Unlike e-commerce order history (high volume, append-heavy, suitable for Cassandra archival), hotel booking volume is low enough that a SQL primary can retain the full booking history without a dedicated archival service. The correctness benefits of ACID transactions outweigh the scalability benefits of NoSQL at this data volume.

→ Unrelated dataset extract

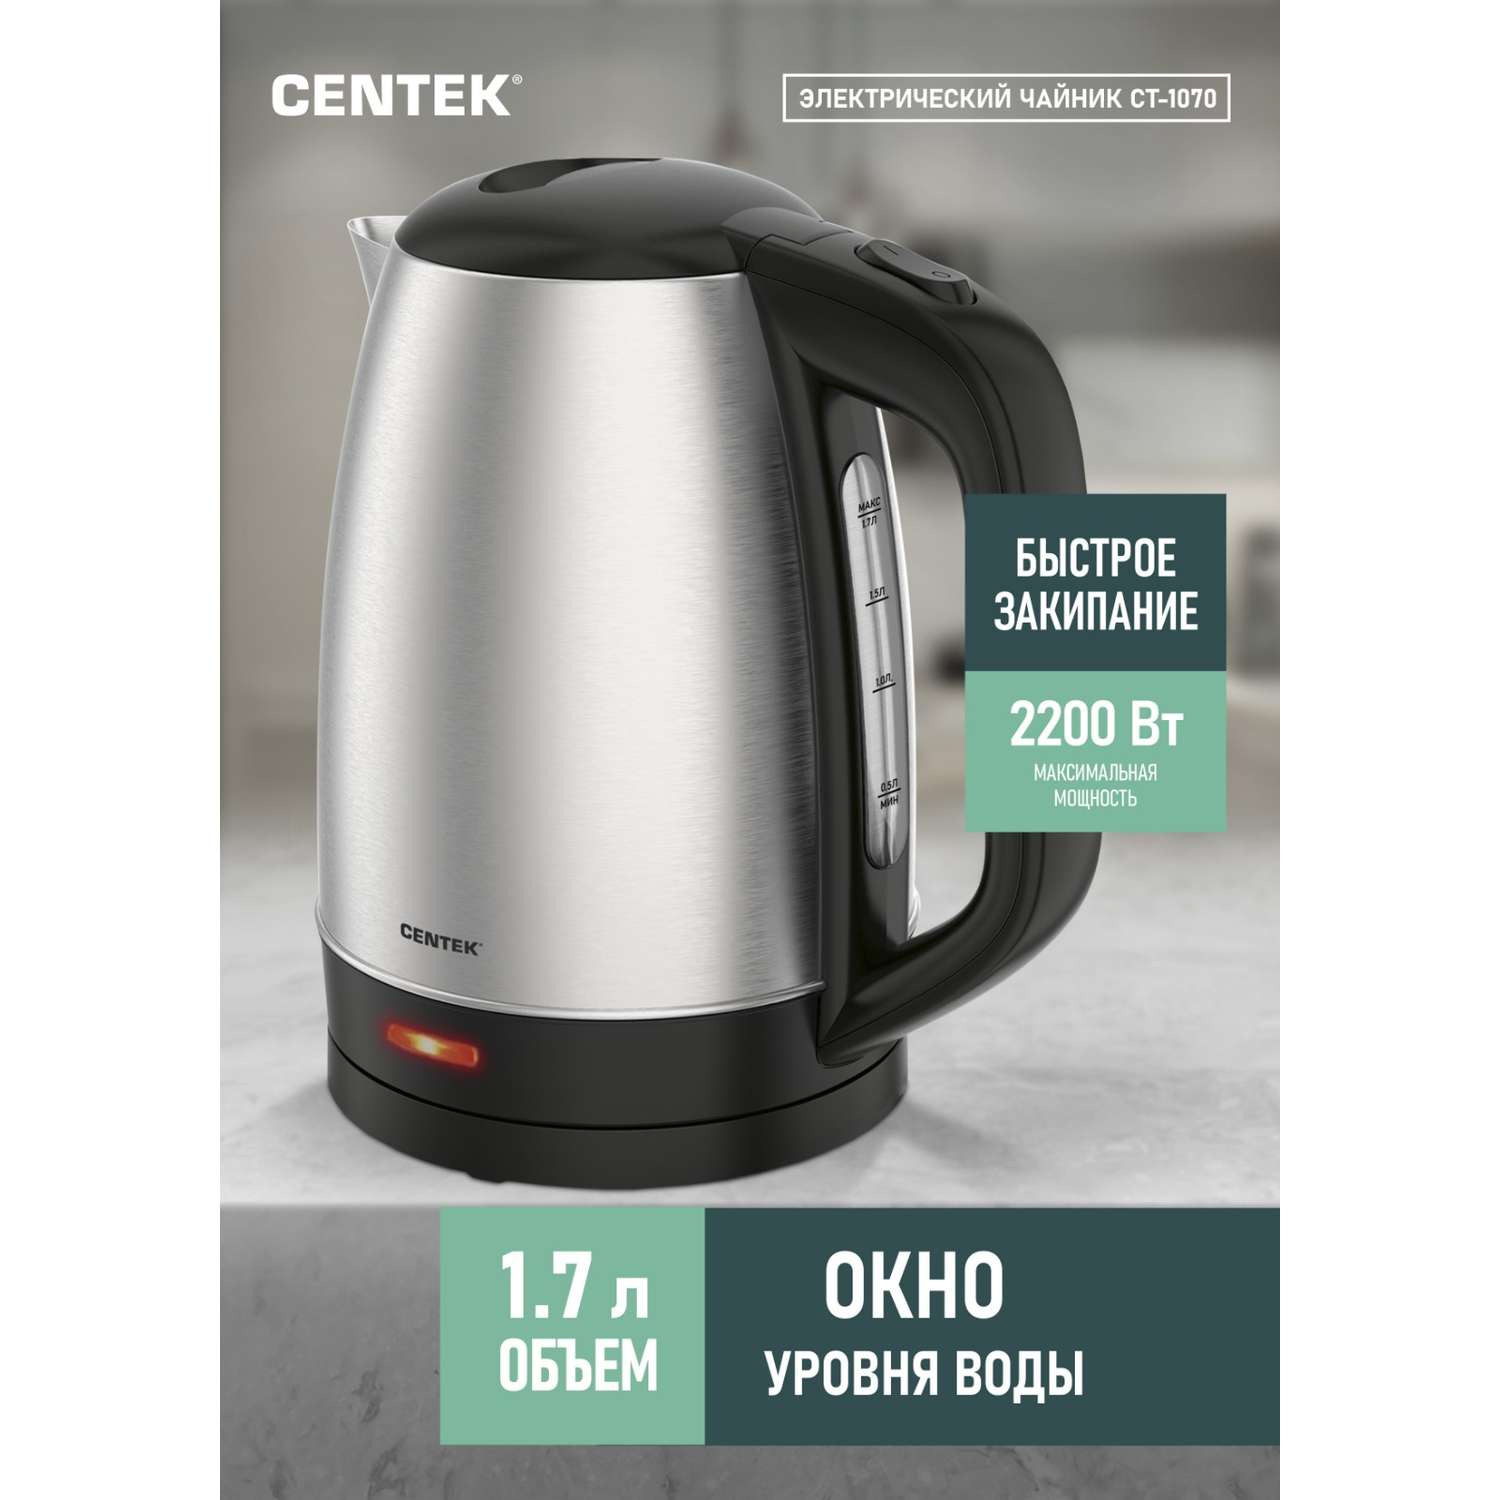 Электрический чайник CENTEK CT-1071 матовый 1.7 л стальной корпус - фото 1

Specifically:

1M bookings/day × 365 days × 500 bytes ≈ 180 GB/year — well within SQL's sweet spot.
ACID multi-row updates (decrement availability across multiple dates + insert booking record in one transaction) are not natively supported by Cassandra's lightweight transactions (LWT are per-partition and limited).
Cassandra's eventual consistency model would require complex application-level conflict resolution to prevent double-bookings — exactly the problem SQL's row-level constraints solve trivially.

Step 16 — Key Tradeoffs

Decision	Choice	Trade-off accepted
Primary store	SQL throughout	Lower horizontal write scale than NoSQL; mitigated by the naturally low booking write rate
Concurrency control	Optimistic locking	Retry needed on conflict; under high contention for hot rooms, retry rate spikes — add exponential backoff
Search index	Elasticsearch (eventual)	Newly booked rooms may appear available in search for seconds until Kafka propagates; compensate with short-TTL availability cache
Checkout hold	Redis TTL (~10 min)	Room blocked for 10 min even if user abandons; mitigate with shorter TTL (5 min) and clear UI warning
Payment timing	Authorize now, capture at check-in	Authorization can expire (7 days) for far-future bookings; must re-authorize if needed
Analytics	Kafka → data warehouse	Analytics are eventually consistent (minutes to hours lag); acceptable for reporting use cases

takeaway

Hotel booking design is all about consistency: SQL + row-level constraints prevent double-booking at the database level; Redis TTL holds solve the checkout gap without permanently blocking inventory; optimistic locking keeps transactions short and highly concurrent; Kafka feeds Elasticsearch asynchronously to keep search accurate. The "why not NoSQL" answer is simple — booking volume doesn't justify sacrificing ACID, and hotel counts are bounded. The idempotency key on the booking API is the difference between a correct system and one that double-charges guests on network retries.

🎯 interview hot-takes

How do you prevent double-booking under concurrent requests? A CHECK (available_count >= 0) constraint on the room_availability table makes any transaction that would decrement below zero fail at the DB level. Optimistic locking with a version column ensures two concurrent bookings for the same room+date can't both succeed — one will retry with fresh data.
Why not use Cassandra for bookings like e-commerce uses it for order history? Hotel booking volume is low enough for SQL to retain full history; ACID transactions cleanly prevent double-bookings; Cassandra's eventual consistency model would require complex application-level conflict resolution.
What happens if a user abandons checkout after selecting a room? The Redis TTL (~10 min) expires automatically, triggering a background job (or keyspace notification handler) that re-increments available_count for each stay date — no manual cleanup or cron job needed.
How do you make the booking API idempotent? Require a client-generated Idempotency-Key header; store it in the bookings table as a UNIQUE column. A retried request with the same key returns the existing booking rather than creating a duplicate — preventing double-charges on network retries.
How do you handle the payment processor timing out during booking confirmation? Store the PaymentIntent ID in the booking record before making the capture call. Retry capture with exponential backoff using the same PaymentIntent ID (Stripe deduplicates). A nightly reconciliation job catches any booking in RESERVED state whose PaymentIntent has been captured — promotes them to BOOKED.